Published 18 February 2010
Chrissie always believed that Richie loved her, had loved her for all the twenty-three years they'd been together, loved their three daughters and their house in Highgate and their happy, lively existence. But if she really was the love of his life, why had he never given her the one thing that would have made her life perfect? The ring she wore was not a wedding ring, and it did not bring her the security of marriage. That belonged, still, to Margaret, back in Newcastle where Richie had started off as a musician, before he became famous. Margaret and her son Scott never saw Richie, and had never met the three girls. They were his other family, not mentioned but always in Chrissie's mind, an obstacle to her complete happiness. And then, suddenly and shockingly, Richie is no longer there, and Chrissie and the girls have to learn to manage without him. The presence of the other family becomes, all at once, impossible to ignore - not least because they are involved in Richie's will. Old resentments, and feelings of abandonment and loss, have to jostle with the practicalities of money and property...

Friday Nights

by Joanna Trollope

Published 4 February 2008
It's Eleanor who starts the Friday nights. From her window she sees two young women, with small children, separate, struggling and plainly lonely, and decides to ask them in, and see what happens.
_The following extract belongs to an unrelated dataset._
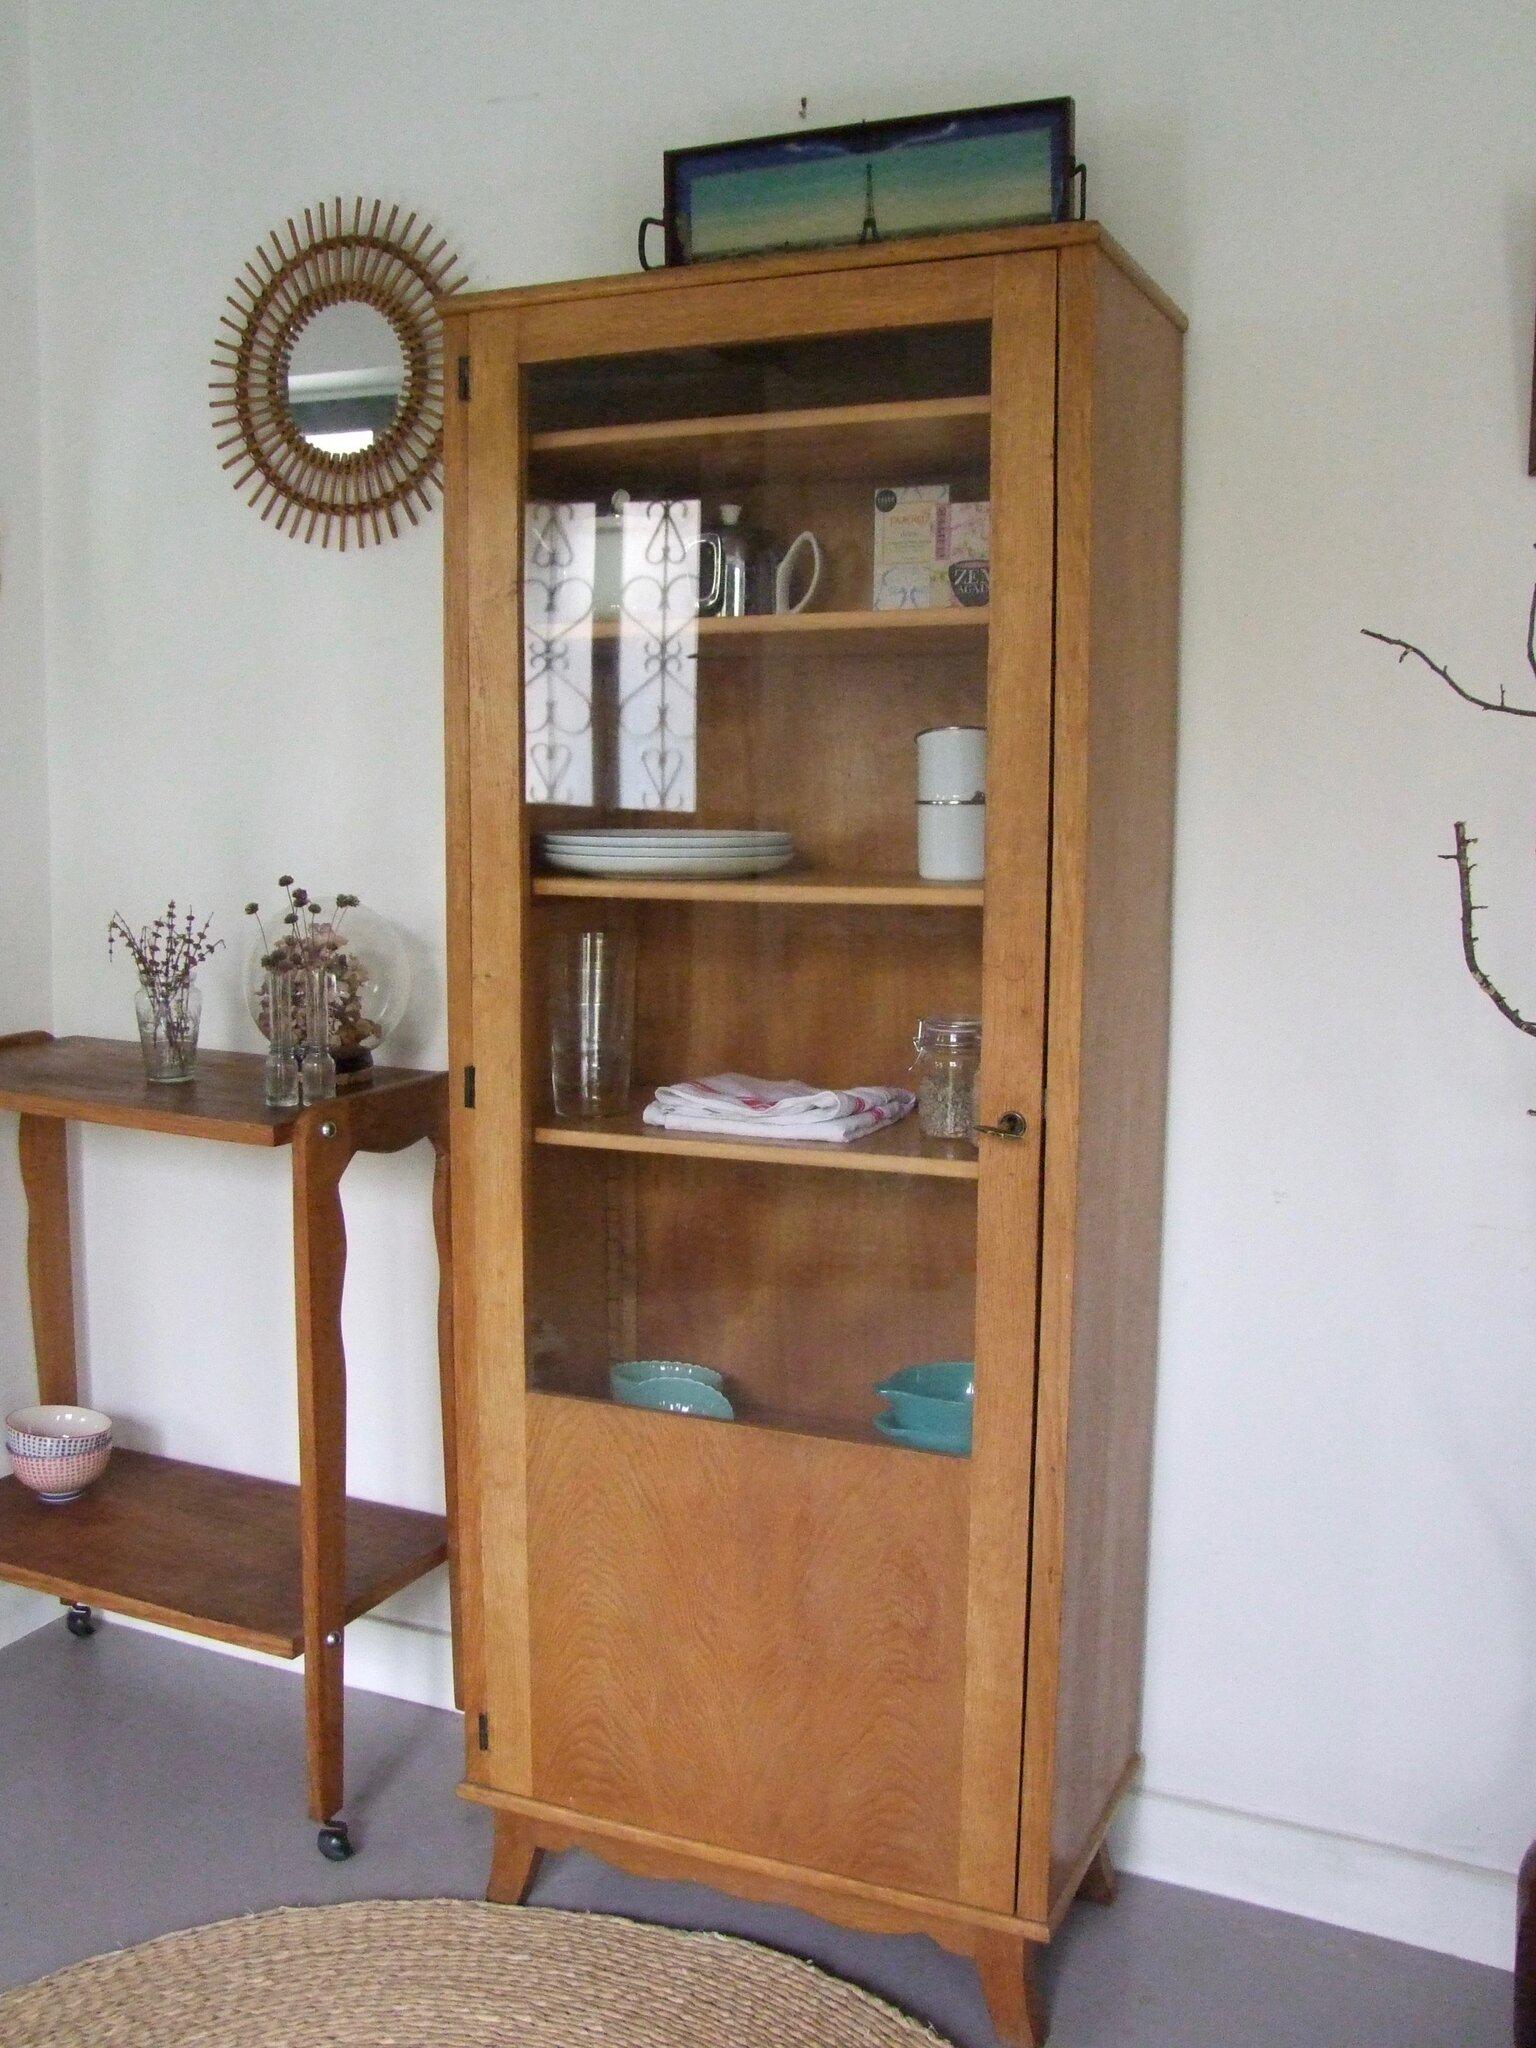 Armoire vaisselier vintage abby meubles vintage pataluna chin s d nich s et d lur s - Meubles chines ...

What happens is that a group gradually forms, a group of six different and disparate women, who become a circle of friends. They range in age from Jules, who is twenty-two and wants to be a DJ, to Eleanor herself, who is a retired professional and walks with a stick. They include one wife, three mothers, three singletons and five working women. They all of them, variously, value Friday nights. And then one of them meets a man - an enigmatic significant man - and the whole dynamic changes. The bonds that have been so closely forged are tested - and some of them break. With wit and warmth, Joanna Trollope explores the complexities, the sabotages, and the shifting currents of modern friendship.